Not many people realise that soils are alive, but in fact there are more living organisms in a teaspoonful of soil than there are people on the planet.
As with all living things, soils can become unwell and even die if they are not cared for properly. All farmers should make pedology - the scientific study of soils - their particular care.
A clod of earth, seemingly simple and lifeless is in fact highly complex in structure. It is composed of elaborate particles with numerous invisible crevices that are inhabited by myriads of inconceivably small organisms. Our very existence is dependent on those microscopic life forms that produce food to nourish the plants which constitute such an important part of our food chain, as well as removing from the soil substances that would be harmful to us.
No two fields on a typical farm have similar soils, and even in the same field there can be several different kinds. There is a lot of truth in the old farming adage that "you need to plough a farm to get to know it".
Fertile soils contain adequate supplies of the main plant nutrients such as nitrates, phosphates, potash and sulphates as well as trace elements like manganese, copper, cobalt and selenium. Above all else, a fertile soil will be free draining and not too acid -and that's why lime is so important.
Liming has been a major factor in British agriculture since time immemorial and there are many historical references to its use on arable soils. The very large dressings - chiefly of chalk - which were applied in the nineteenth century created reserves which lasted for many years. As crop yields increased with the introduction of better varieties and higher standards of farming, this capital was gradually used up, not only under arable farming, but also where grassland and livestock management were improved and dairying became more intensive.

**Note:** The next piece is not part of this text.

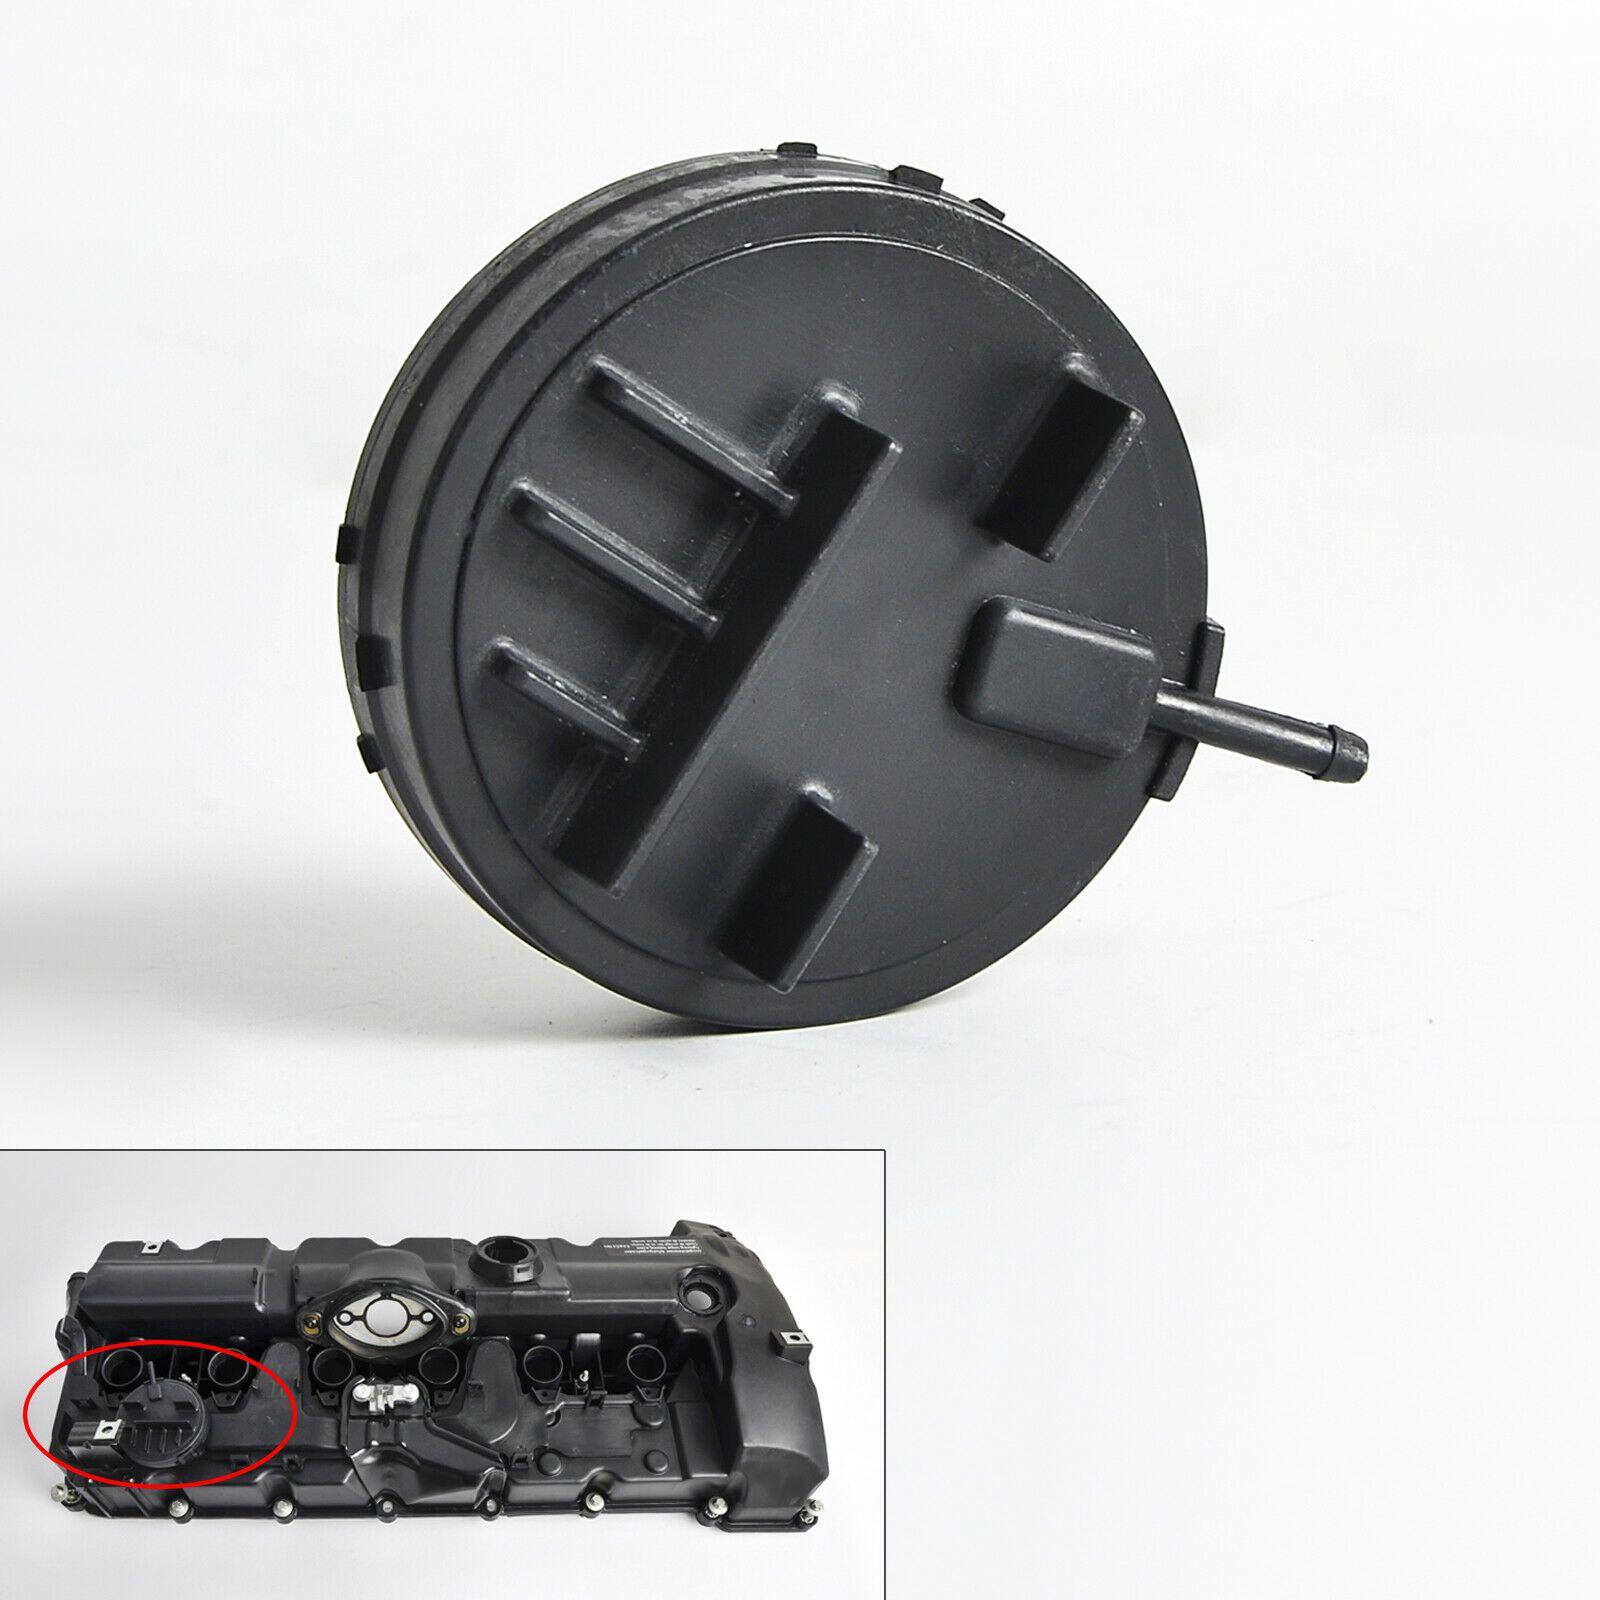 Diafragma com tampa da tampa de válvulas PCV BMW 325 330 2006 a 2012; 130 2005 a 2011; X1 28i 2008 a 2015; X3 2.5 e 3.0 2006 a 2010; X5 3.0 07/13;530 06/10; Z4 30i 09/16; Motor N52

The drains on reserves were intensified in times of agricultural depression, when farm incomes fell and liming tended to be ignored. This loss of fertility could not be allowed to continue indefinitely, and in the 1930s with the growing threat of war, the Government took a hand in encouraging the use of lime with the object of restoring fertility to neglected land and helping the country become more self-supporting in food production. It is widely held by practical farmers that liming improves the structure of heavy soils, reduces "stickiness", lightens cultivations and makes it easier to break down clods to obtain a satisfactory seedbed. In the days of horse cultivations, it was often said that after liming "four-horse land" became "three-horse land" or even less.
Lime, together with phosphate, plays an essential part in the production of animal bone and of milk, and therefore the lime status of the soil is important for the welfare of animals dependent upon crops produced from the land. It is particularly important when they depend mainly or entirely for their nutritional needs on foods grown on the farm, as for example, when stock is expected to find all its requirement from grazing.

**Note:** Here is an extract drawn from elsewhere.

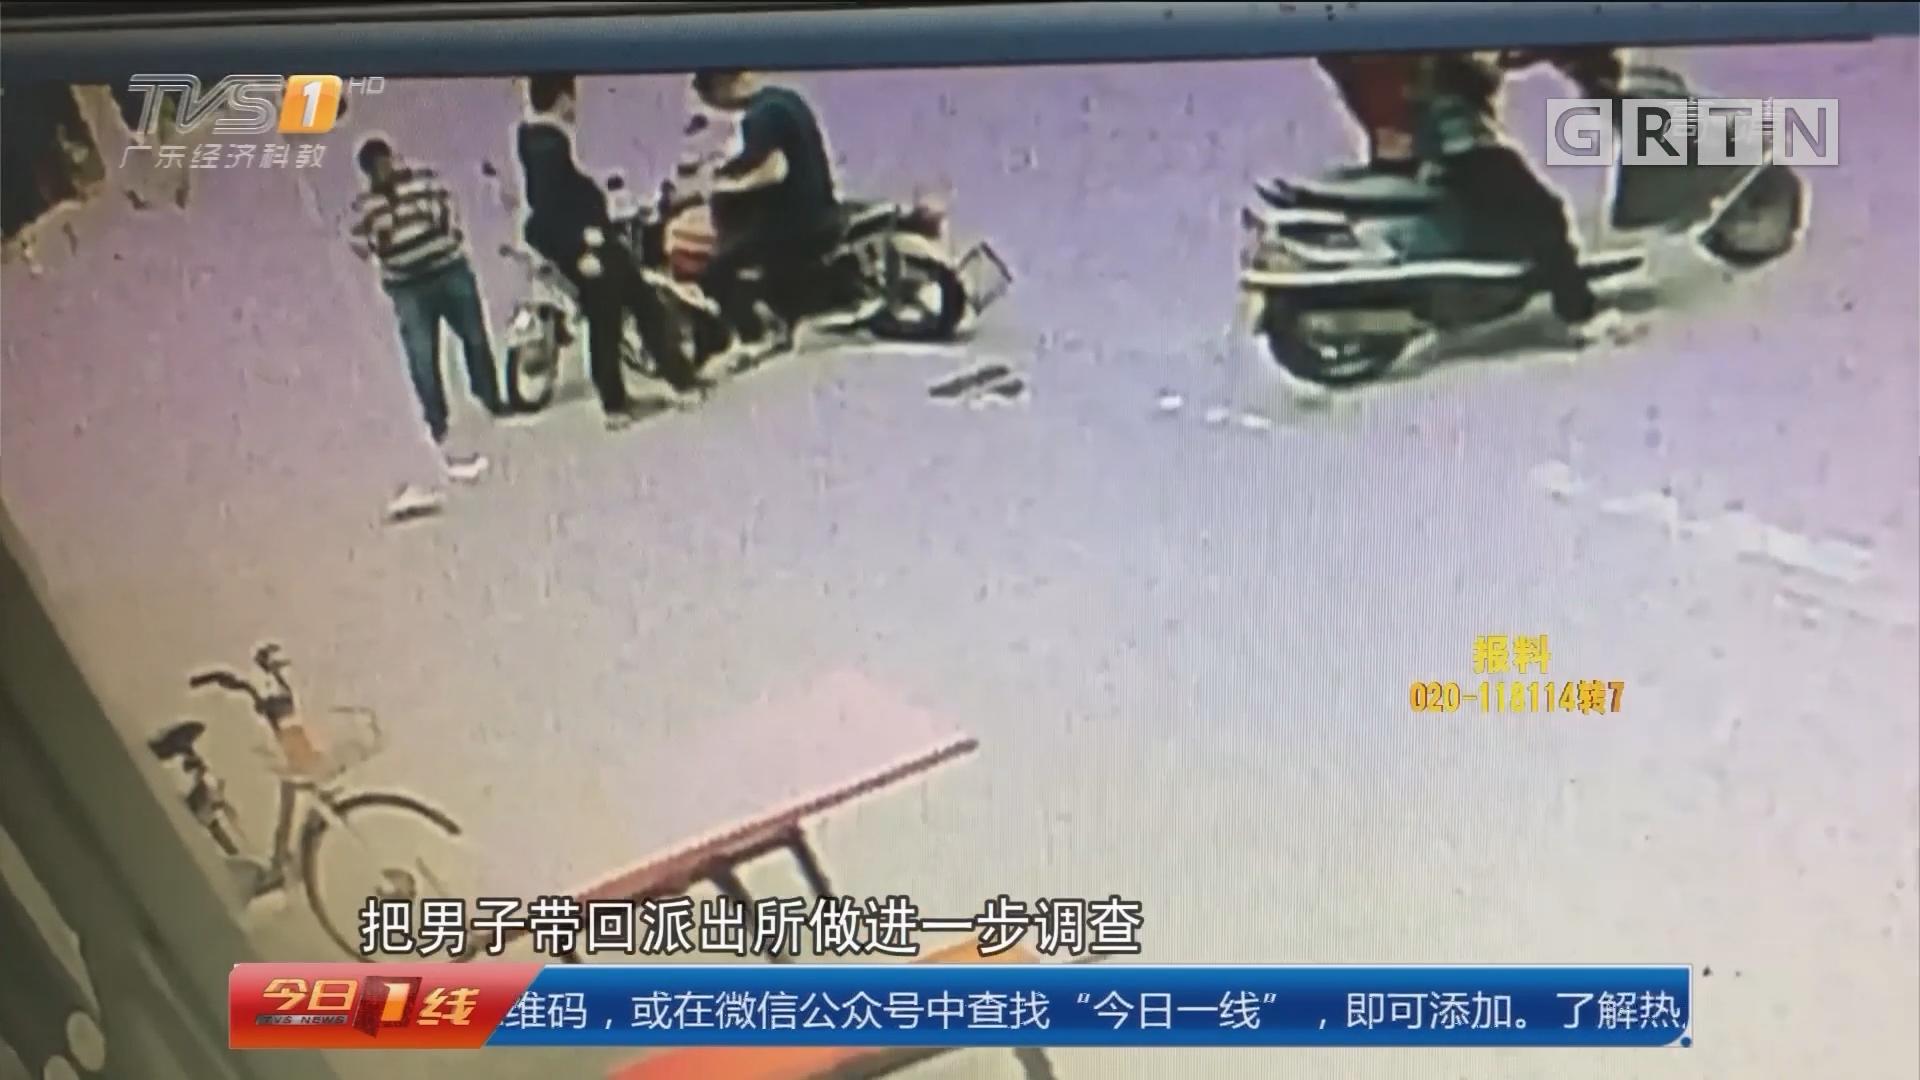 惠州博罗:街头被查心有鬼 送十万现金求放过?

The benefit of liming acid grassland may be both direct and indirect. The productivity of the sward is increased and the land will carry more stock. The lime content of the sward improves - mainly because liming encourages the growth of better grasses, which contain more lime than the poor, acid-loving grasses they replace. The proportion of clovers in the herbage also increases with liming, and these plants are rich in lime, and also in protein, than even the best of the grasses. Thus, a correctly limed and manured sward has more clover and good grasses, and is both more palatable and more nutritious to livestock.
Losses of lime from the soil are due to various causes such as removal in crops or livestock sold off the land, losses in drainage water and the effects of acid rain and fertilisers. Of all these possible causes, leaching from the soil in drainage water is undoubtedly the most important. That means farmers have to keep periodically topping up lime levels in their soils. Many, particularly livestock farmers in the Scottish uplands, have not been doing that as frequently, if at all, since lime subsidies were stopped in the 1970s.
Lime has been called the basis of all good farm husbandry. Sadly, there is very clear evidence that large parts of our uplands are becoming impoverished of lime and, as a result, incapable of productive livestock husbandry.